La RETRANSKIN, également à pertes et profits. Le premier lot des bus n’ont roulé que l’espace d’une saison. Ces quincailleries destinées à la casse en Europe ont débarqué à Kinshasa sans aucune pièce de rechange, même pas un pneu de rechange.

Les Kinois les avaient surnommées «nakolala wapi» pour leurs pannes répétées, une façon de prévenir que quiconque emprunte cet engin n’a qu’à se prémunir pour passer la nuit à mi-chemin.

La Poubelle-Kin s’est transformée en des dépotoirs publics dont le contenu n’est jamais évacué avant plusieurs jours. En moyenne, deux décharges publiques par commune. De quoi contraindre les Kinois à faire des centaines de mètres avec les immondices sur la tête. Kimbuta s’était tant vanté de l’éclairage public. Depuis, les chaussées kinoises se sont replongées dans le noir, à l’exception de quelques unes.

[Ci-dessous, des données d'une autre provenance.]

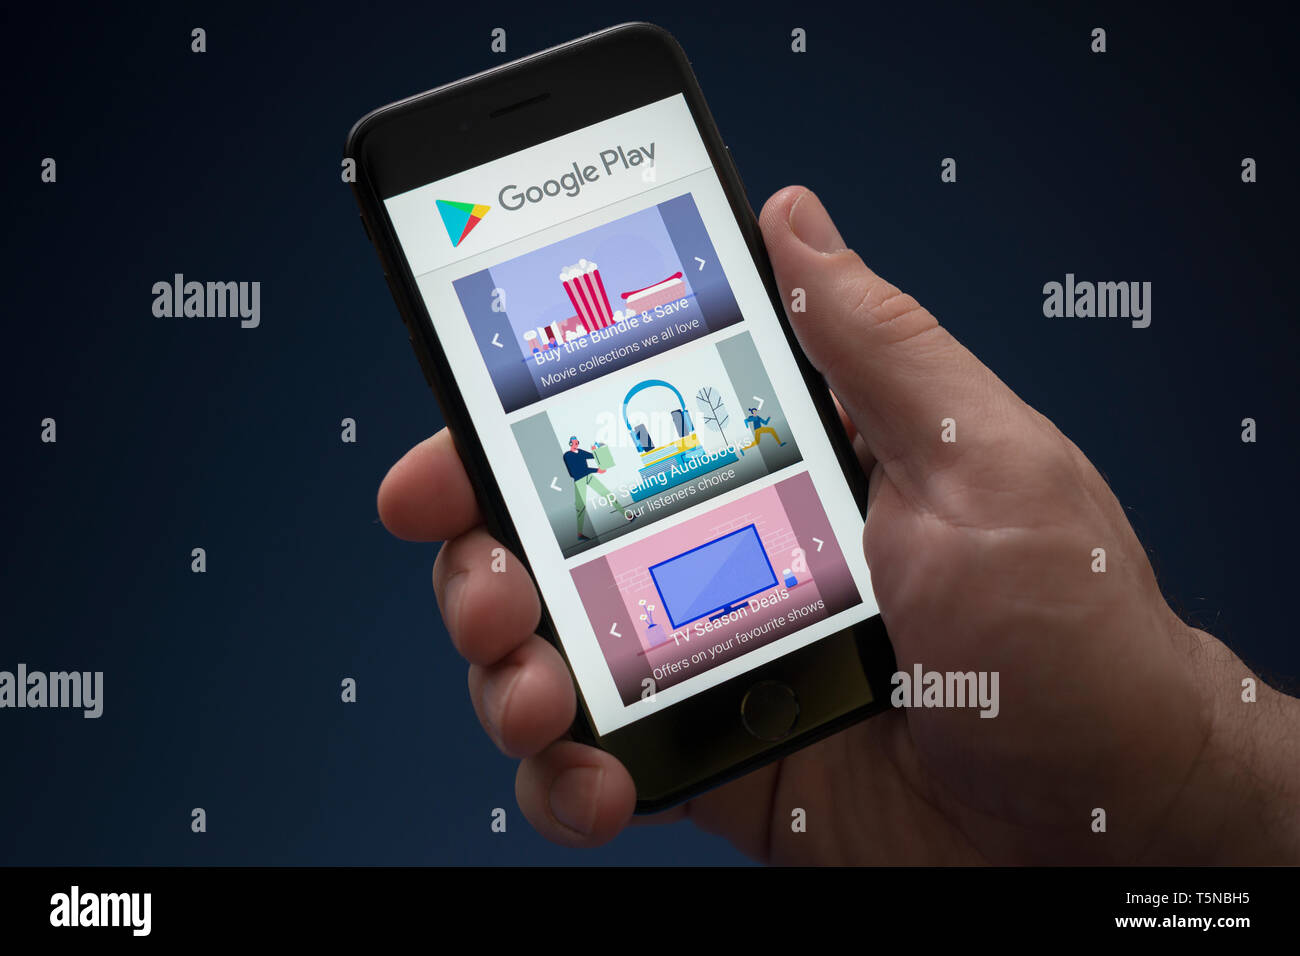 Un hombre mira el iPhone que muestra el logotipo de Google Play (uso Editorial solamente). Foto de stock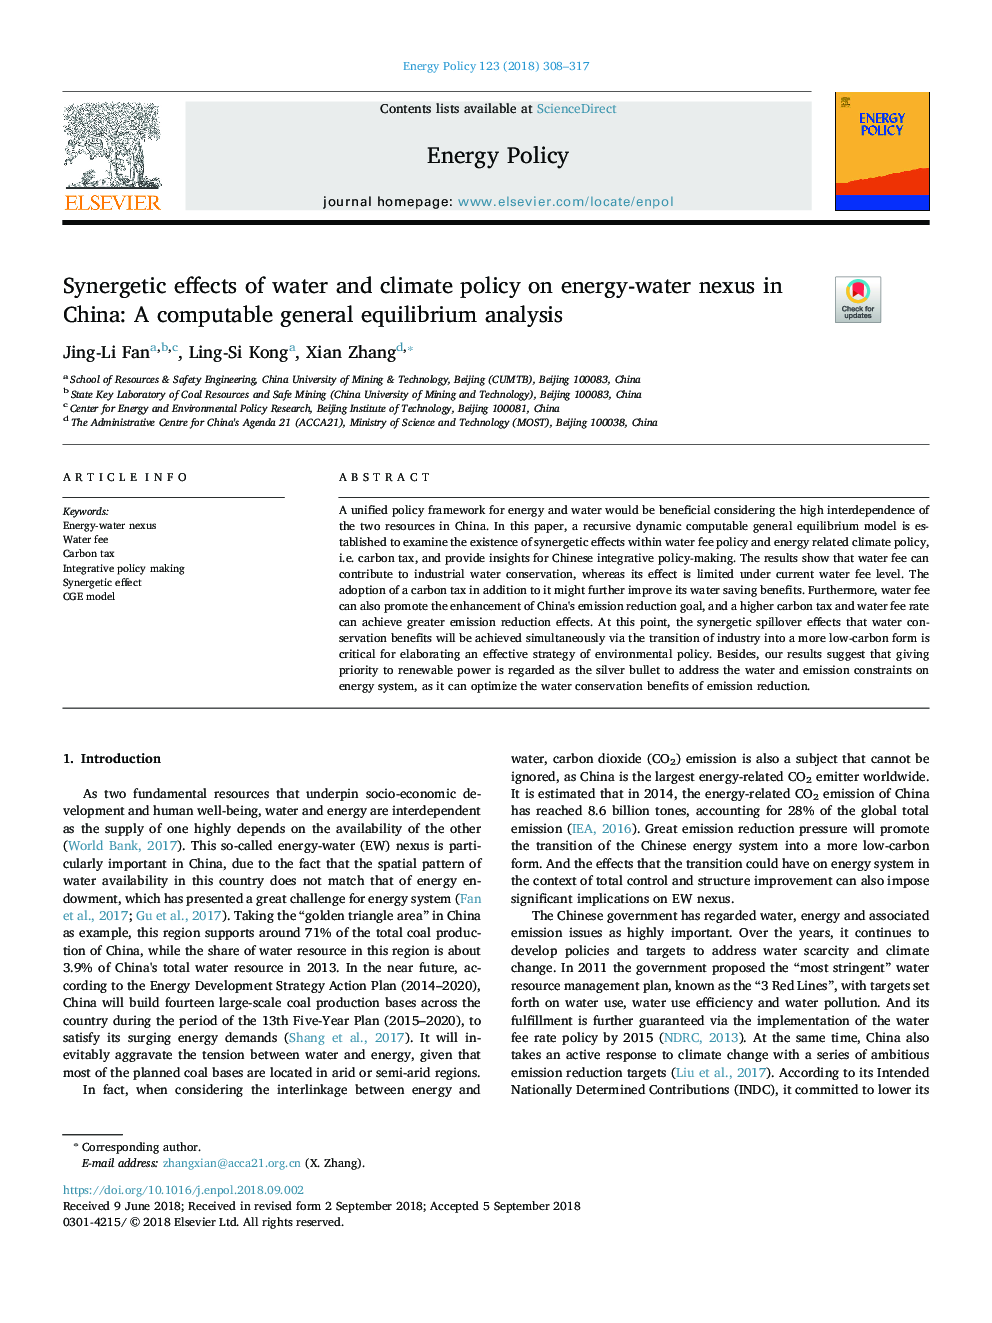 اثرات همگرا سیاست آب و هوا و آب و هوا در ارتباطات انرژی و آب در چین: یک تحلیل تعادل عمومی محاسبه

Le rond-point des Huileries laissé à l’abandon. Dans sa politique très tape l’oeil, Kimbuta avait décidé de sa démolition sans étude préalable de faisabilité. La DGRK est devenue un véritable tonneau de Danaïdes, un puits sans fond.

Ses recettes sont logées dans un compte autre que celui prévu par la loi. Le plus grand mérite de Kimbuta est d’avoir réussi à mettre ses députés provinciaux dans sa poche.

Et pour cela, il se flatte qu’il accomplira son mandat jusqu’à son terme. Au grand dam des Kinois.